Alghabra has called what happened over the holidays “unacceptable” and vowed to bring in legislation to strength the country’s existing Air Passenger Protection Regulations — a set of standards that allow travellers to request compensation when their flights are delayed or cancelled for reasons such as scheduling.

“Is this an opportunity for us to take a look at our rules and our system to make them stronger, to make them clearer, to make them more efficient? Absolutely,” he told reporters. “But again it’s not just the rules. We need airlines to make sure they make good decisions to keep passengers’ rights at the centre of their operation.”

Among other changes, Alghabra is eyeing amending the rules so that airlines would have to compensate passengers automatically. It’s a move that passenger rights’ advocates, Conservatives and the NDP support.

“When airlines’ flight schedules get snarled, people miss weddings, funerals and vacations they’ve been saving up for. Some are left stranded,” Taylor Bachrach, an NDP MP on the committee, said in a statement.

“The difficulty of a delayed or cancelled flight shouldn’t be followed by the nightmare of fighting for compensation.”

As for how airlines feel about the move, a WestJet vice-president said in a statement that it would be “foundationally burdensome” as it would require airlines to have “up-to-date passenger information to appropriately process these claims.”

“We are disappointed that airlines continue to be singled out as the only point of ownership and accountability for travel in Canada, as this must be a shared responsibility by the entire aviation ecosystem,” said Andy Gibbons, its vice-president of external affairs, who is set to testify Thursday.

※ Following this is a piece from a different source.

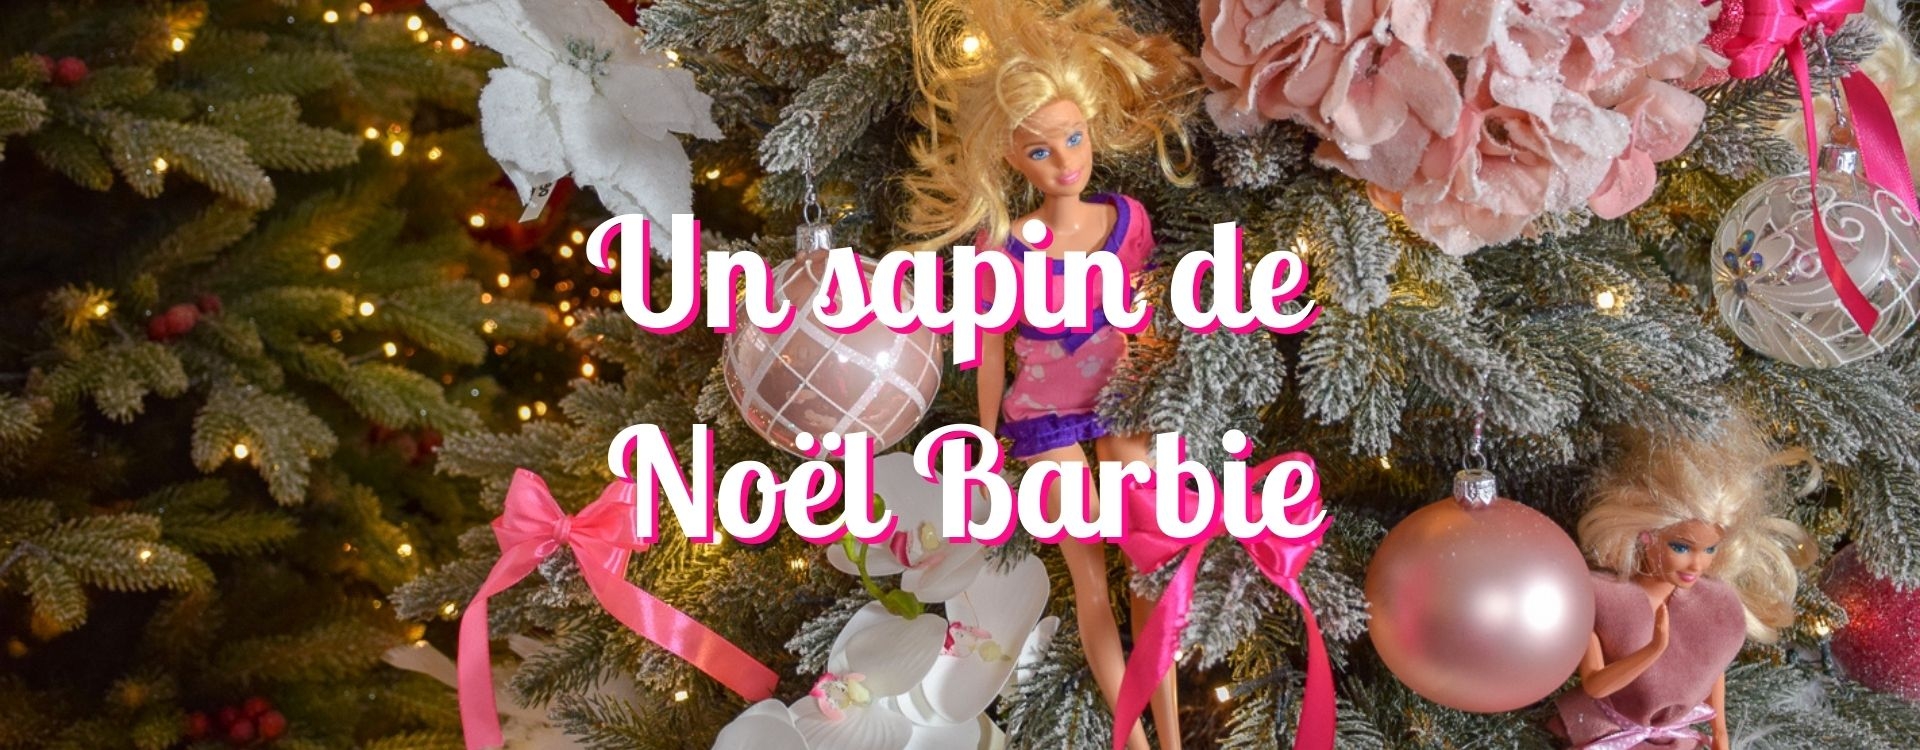 Barbie de noel - Barbie
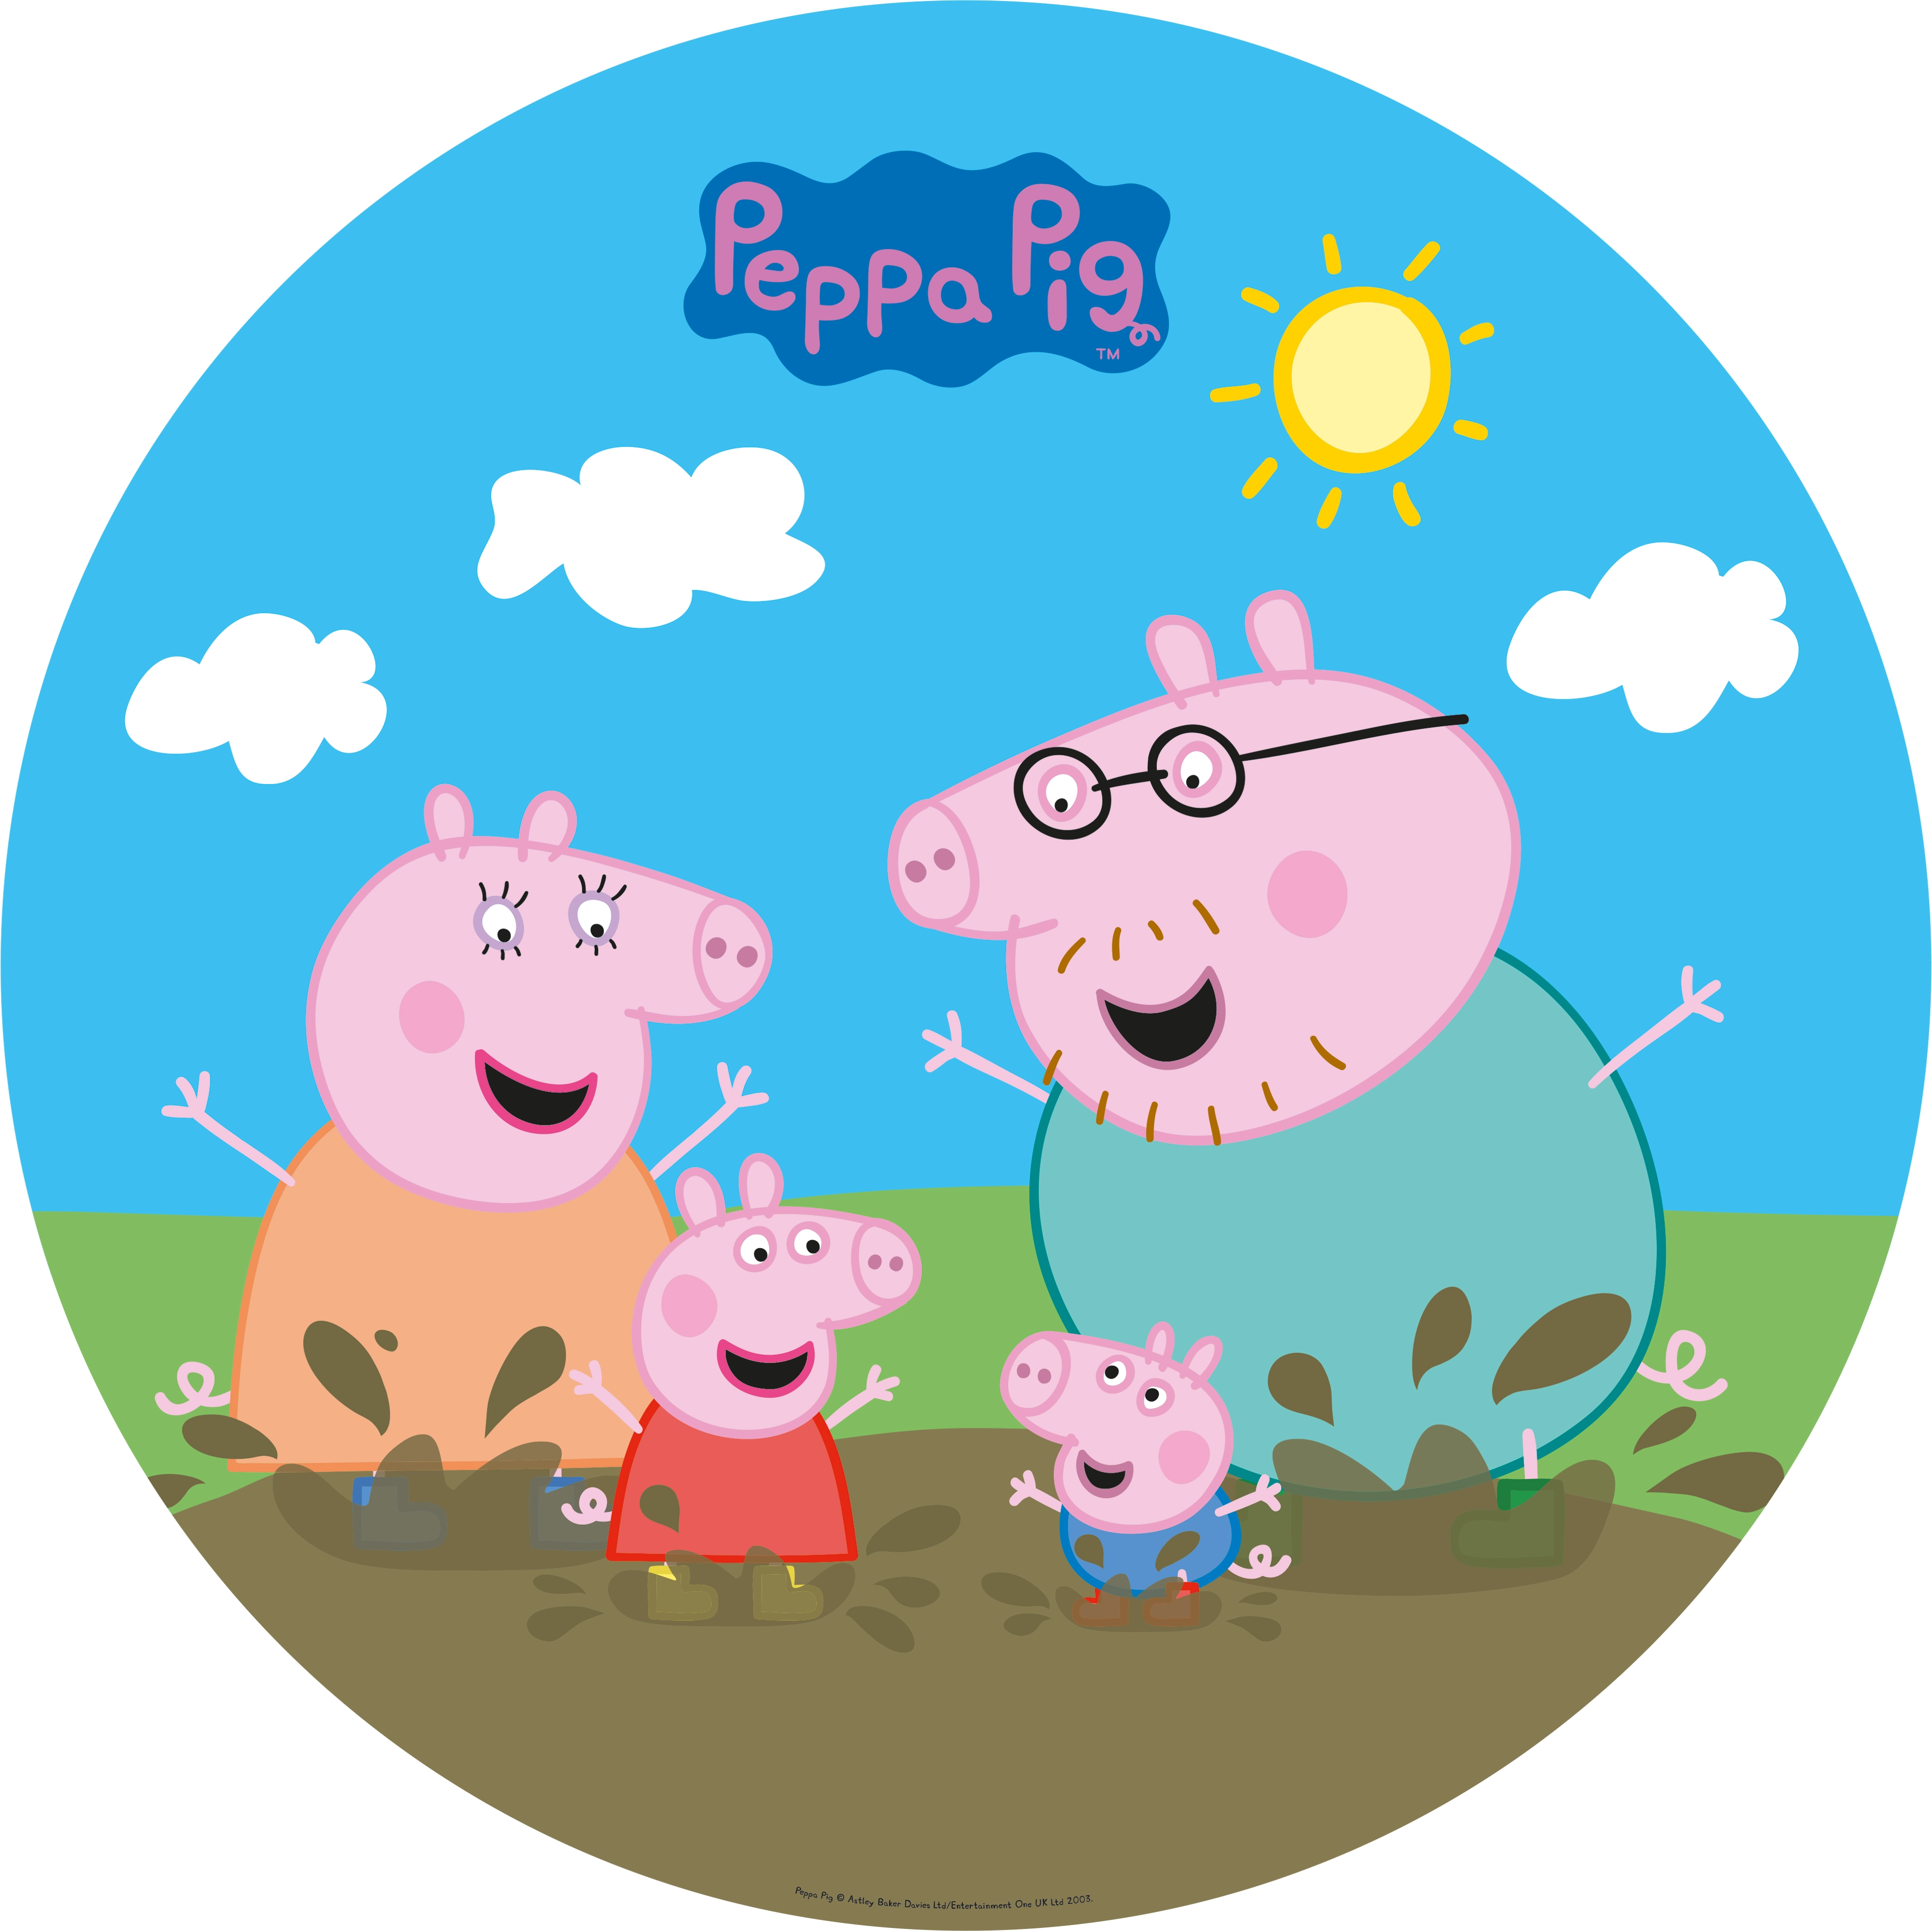 Happy People Peppa Pig Sprinklermatte Ø 150 cm kaufen bei OBI

A spokesperson for Air Canada added that while it won’t speculate on the possible changes, “it should be noted that no passenger protection regime in the world requires carriers to compensate customers for severe weather delays.”

The president and CEO of the National Airlines Council of Canada, Jeff Morrison, added that the regulations were last amended in the fall, and he believes it would be too soon to open them up again.

“We don’t want to be making policy based on very individual, one-time incidents,” he said.

Morrison said he believes it would be better for Ottawa to spend more on airport infrastructure to ensure travel hubs can handle storms, and introduce service standards for airports and aviation-related agencies such as the one that handles airport security.

“Many disruptions are due to factors outside the airline’s control.”

The presidents of the Vancouver, Montreal and Toronto airports are also scheduled to testify during the five hours of hearings on Thursday, as are officials from Transport Canada and leaders from the Canadian Transportation Agency.

One of the questions the federal regulator is likely to field is how it plans to clear a backlog of more than 33,000 passenger complaints, nearly 3,000 of which the agency said it has received since Dec. 20.